Jason filed a workers’ compensation claim, which was denied because Jason failed to prove to the workers’ comp judge that his injury arose (1) out of his employment and (2) in the course of his employment. Under Missouri workers’ compensation law prior to 2005, an employee injured while on the job was not obligated to prove these two factors. Under the old law, workers’ compensation was administered under “no-fault”  system, in which the employer was usually liable unless the employer could show that the injury was not real or was not related to employment.

After the denial of Jason’s claim, he appealed to the Missouri Labor and Industrial Commission, which is a special court that hears appeals of decisions of administrative law judges in Missouri’s workers’ compensation system. The Labor and Industrial Commission reversed the administrative law judge’s decision, ruling the injury to be covered by workers’ comp. The employer then appealed to the Western District of the Missouri Court of Appeals, which issued its affirming opinion in  Pope v. Gateway to the West.

The 2005 changes to Missouri’s workers’ comp statutes took away the presumption in favor of coverage of employee injury claims. Part of the target of the “reform” was to prevent employers from paying for injuries that may have happened at work but which were not caused by the job. For instance, when an employee was walking across a parking lot and a “pop” occurred in his knee, the injury might not be covered by workers’ compensation, since it occurred in a normal life activity–walking–not as the result of a hazard or risk associated with the job.

In another situation arising after 2005, an employee was injured in a fall as she made coffee in a breakroom at work. Her medical records indicated that the employee’s shoes caused her to fall; the court held that the employee failed to prove that her injury was caused by a risk related to her employment.

The Western District framed the issue this way:

we consider whether Pope was injured because he was at work as opposed to becoming injured merely while he was at work.

The court sifted the facts that Jason presented, noting that Jason was following instructions from his supervisor to move motorcycles into the upper showroom.
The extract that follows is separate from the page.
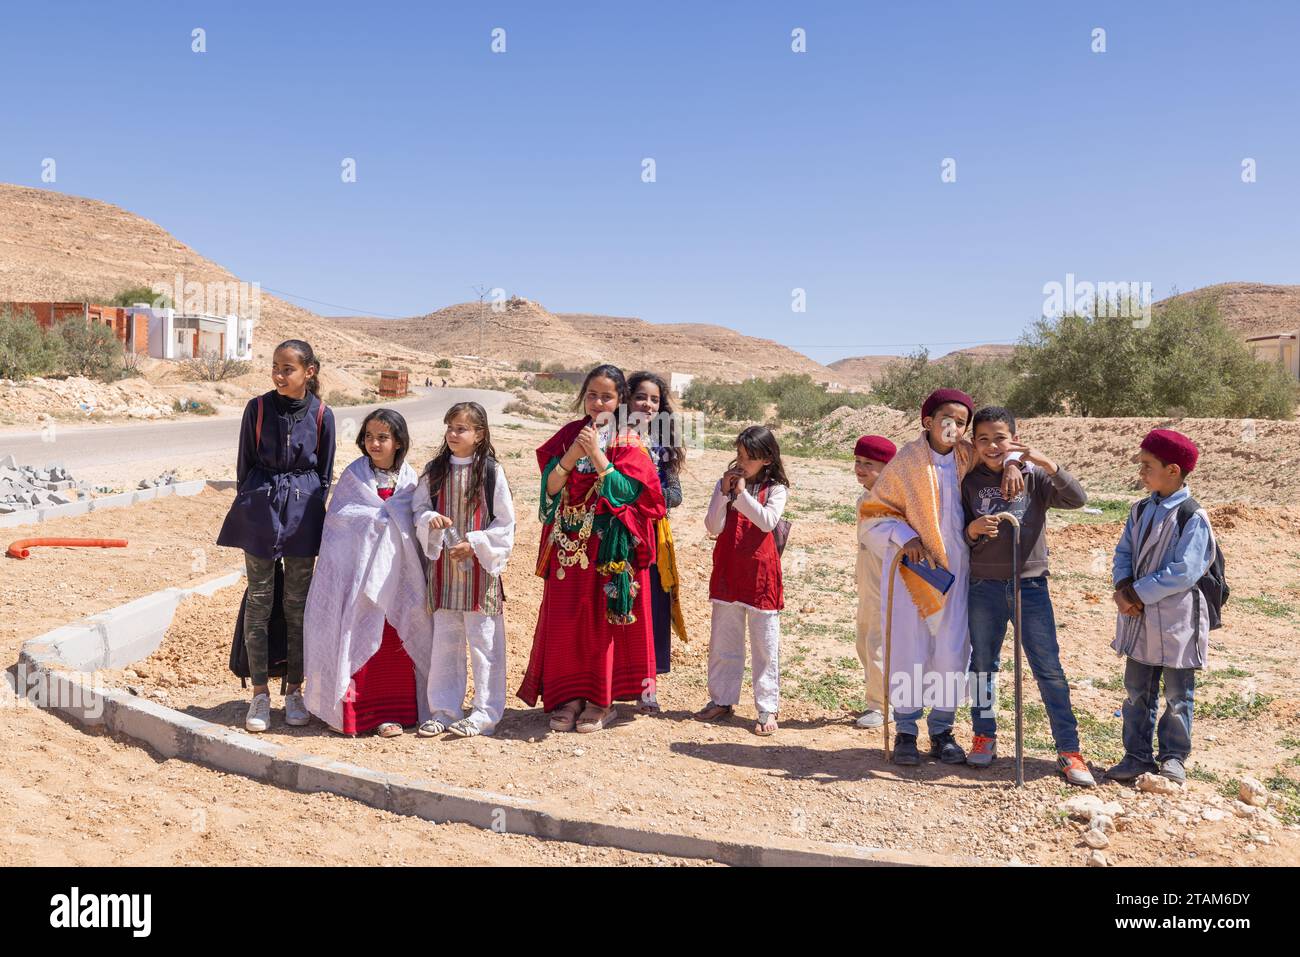 Tunisia. March 17, 2023. Children in traditional dress in the Tunisian desert. Stock Photo

When he fell, he was on his way to check with his supervisor to make sure that he was done for the day. He couldn’t reach the supervisor without walking down stairs. His boots didn’t cause him to fall. His own physiology did not cause his injury. The court concluded that these facts  (and some others)

reasonably support a finding that Pope’s injury was causally connected to his work activity, i. e., a risk related to his employment as opposed to a risk to which he was equally exposed in his normal, non-employment life.

 

Before the 2005 amendments to the workers’ compensation statutes, the cause of Jason Pope’s injury would not have been an issue. The employer’s insurance company would have paid the same claim that it would have ended up paying, sooner though and without two appeals.

Policy should not be made on the basis of an isolated anecdote, such as this true story about Jason Pope.  As the number of similar cases accumulates, the workers’ comp insurance industry will be in a position to determine whether the 2005 reforms save money for employers and are of a general benefit to the economy. For now, there can be no question that the burden of the reforms falls on injured employees, some of them unable to work, and health care providers which are awaiting payment.